While it is certainly a function of the social institution of marriage to provide for the reproduction (both
physically and culturally) of a society, it is not necessary for all marital pairings to physically produce
offspring to accomplish this. There can be societal advantages to limiting physical reproduction and
increasing the enculturative resources available for each child through a higher adult to child ratio.
And, indeed, Baha'u'llah enjoins a general societal responsibility for the adequate education of children
in addition to the particular parental responsibility.
A view of marriage that sees it at the institutional level as accomplishing reproduction but that
emphasizes the development of the individuals within any particular pairing does not necessarily
privilege any set of gender arrangements and has a broader cross-cultural applicability than one which
defines particular marriages in narrow gender terms.
Both zina and liwat are sexual relations that take place outside of a context in which the long term
rights of both participants are regarded. Unlawful sex is literally unprotected sex -- it takes place in
relationships that are not associated with social supports and long-term obligations. Lawful sex, as
defined in the Aqdas, takes place in marriages, which are relationships embedded in a network of
familial support and providing for the mutual development of the partners.
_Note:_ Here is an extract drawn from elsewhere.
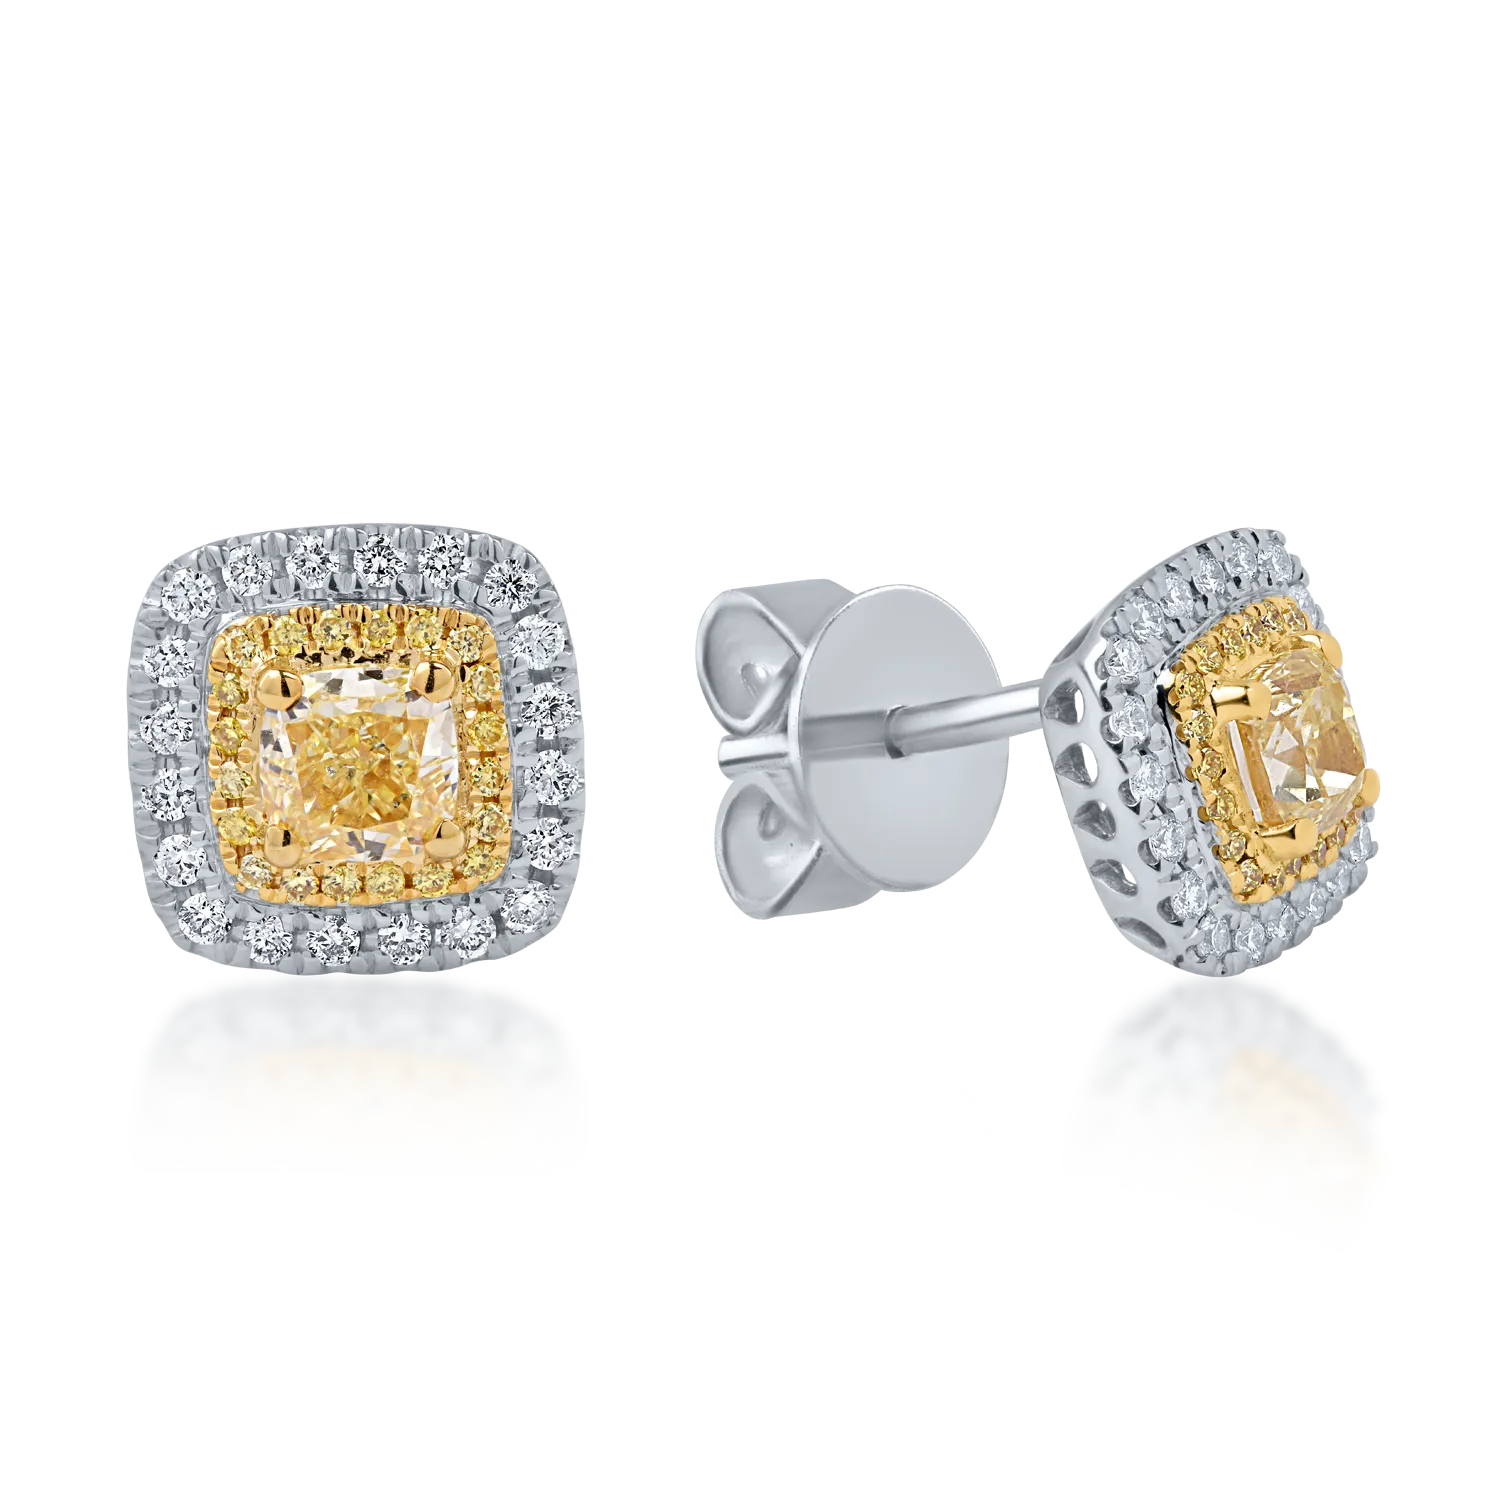 Fehér-sárga arany fülbevaló 1.13ct sárga gyémántokkal és 0.26ct tiszta gyémántokkal
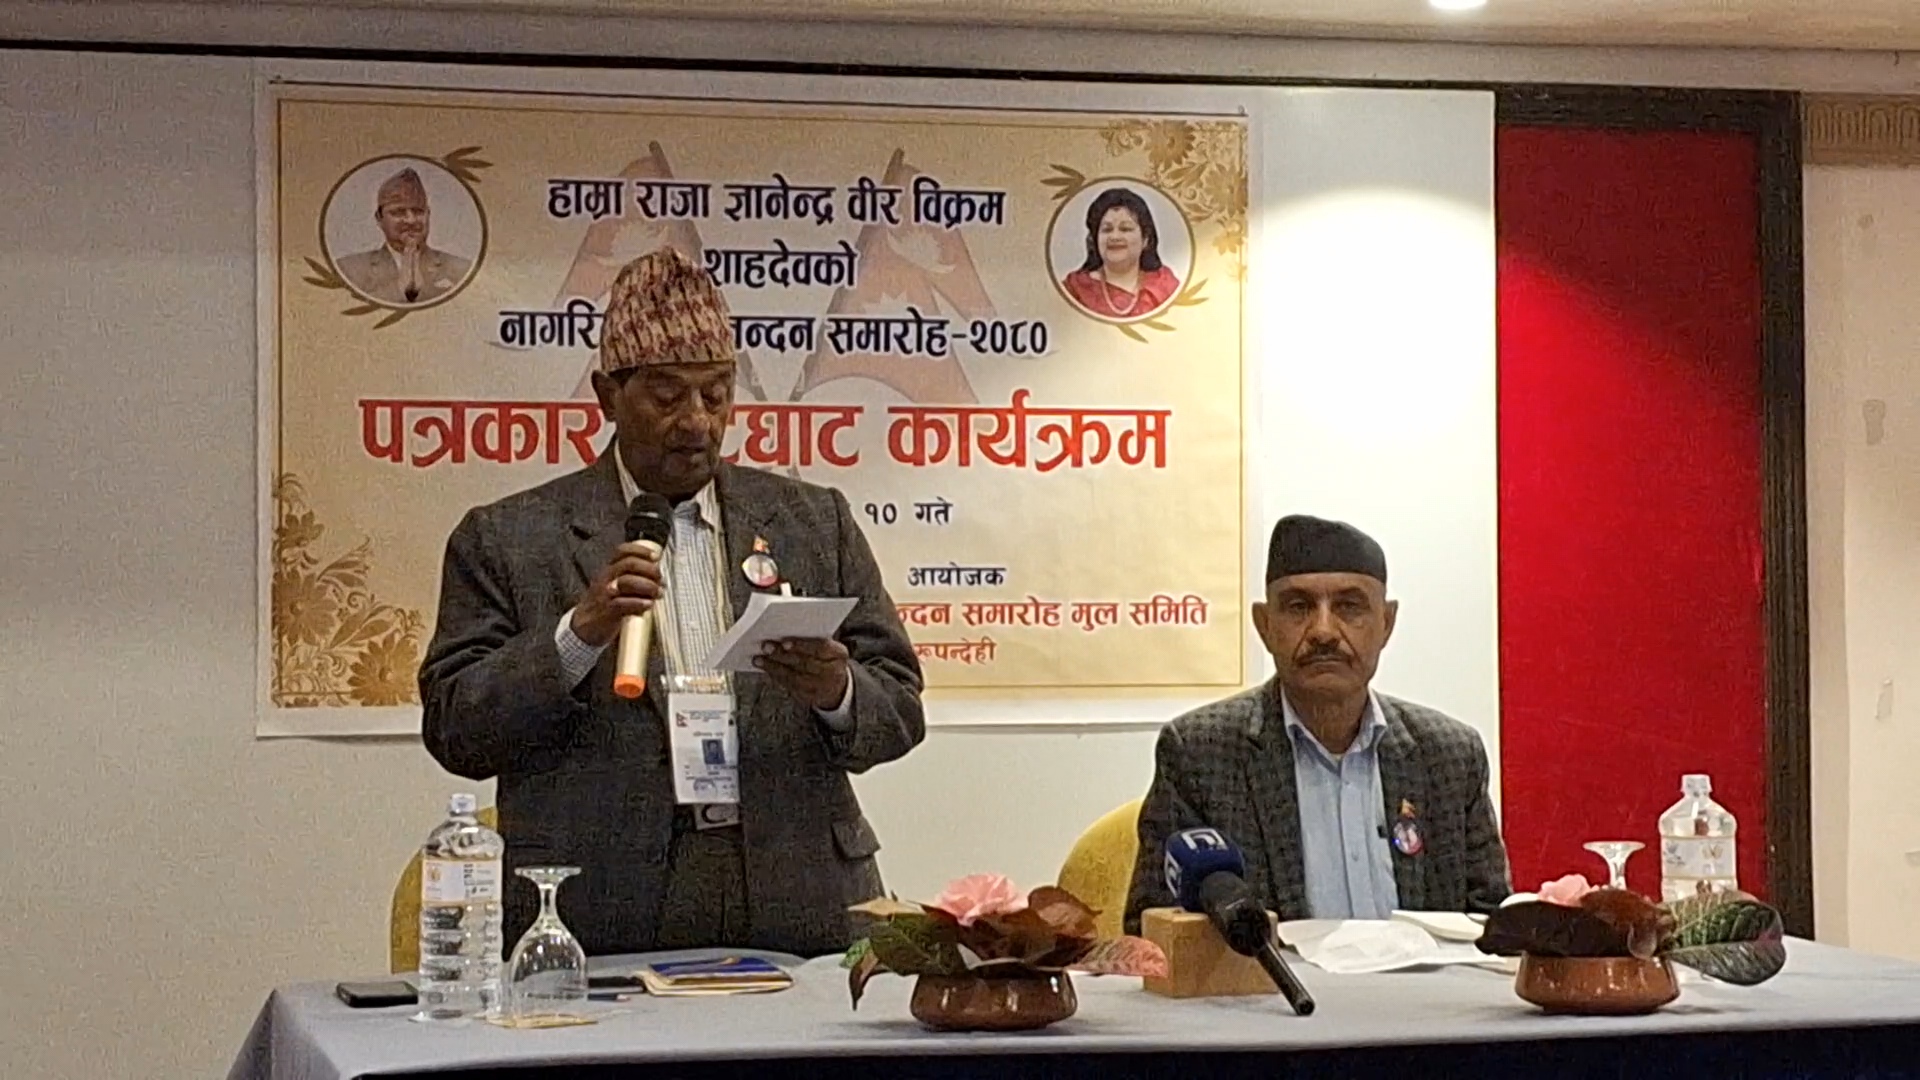 नेपाल हिन्दू राष्ट्र के लिए भारत के सहयोग की आवश्यकता

Limiting legitimate sexual expression to marital relationships and defining marital relationships in
terms of mutual growth invalidates exploitation in sexual interaction. To be valid, the expression of
interpersonal sexuality must contribute to mutual growth irrespective of whether or not it also leads to
children.
The Aqdas can indeed be taken as simply a "code of laws". The Eastern Baha'is largely did so and the
Western Baha'is have generally followed them. Taken that way it represents one more example of a
religious code rooted in a particular culture that its followers seek to impose on all cultures.
Alternatively, the Aqdas can be read as a liminal discourse that provides the tools to, among other
things, re-envision the ideology of gender and sexuality in each and every culture.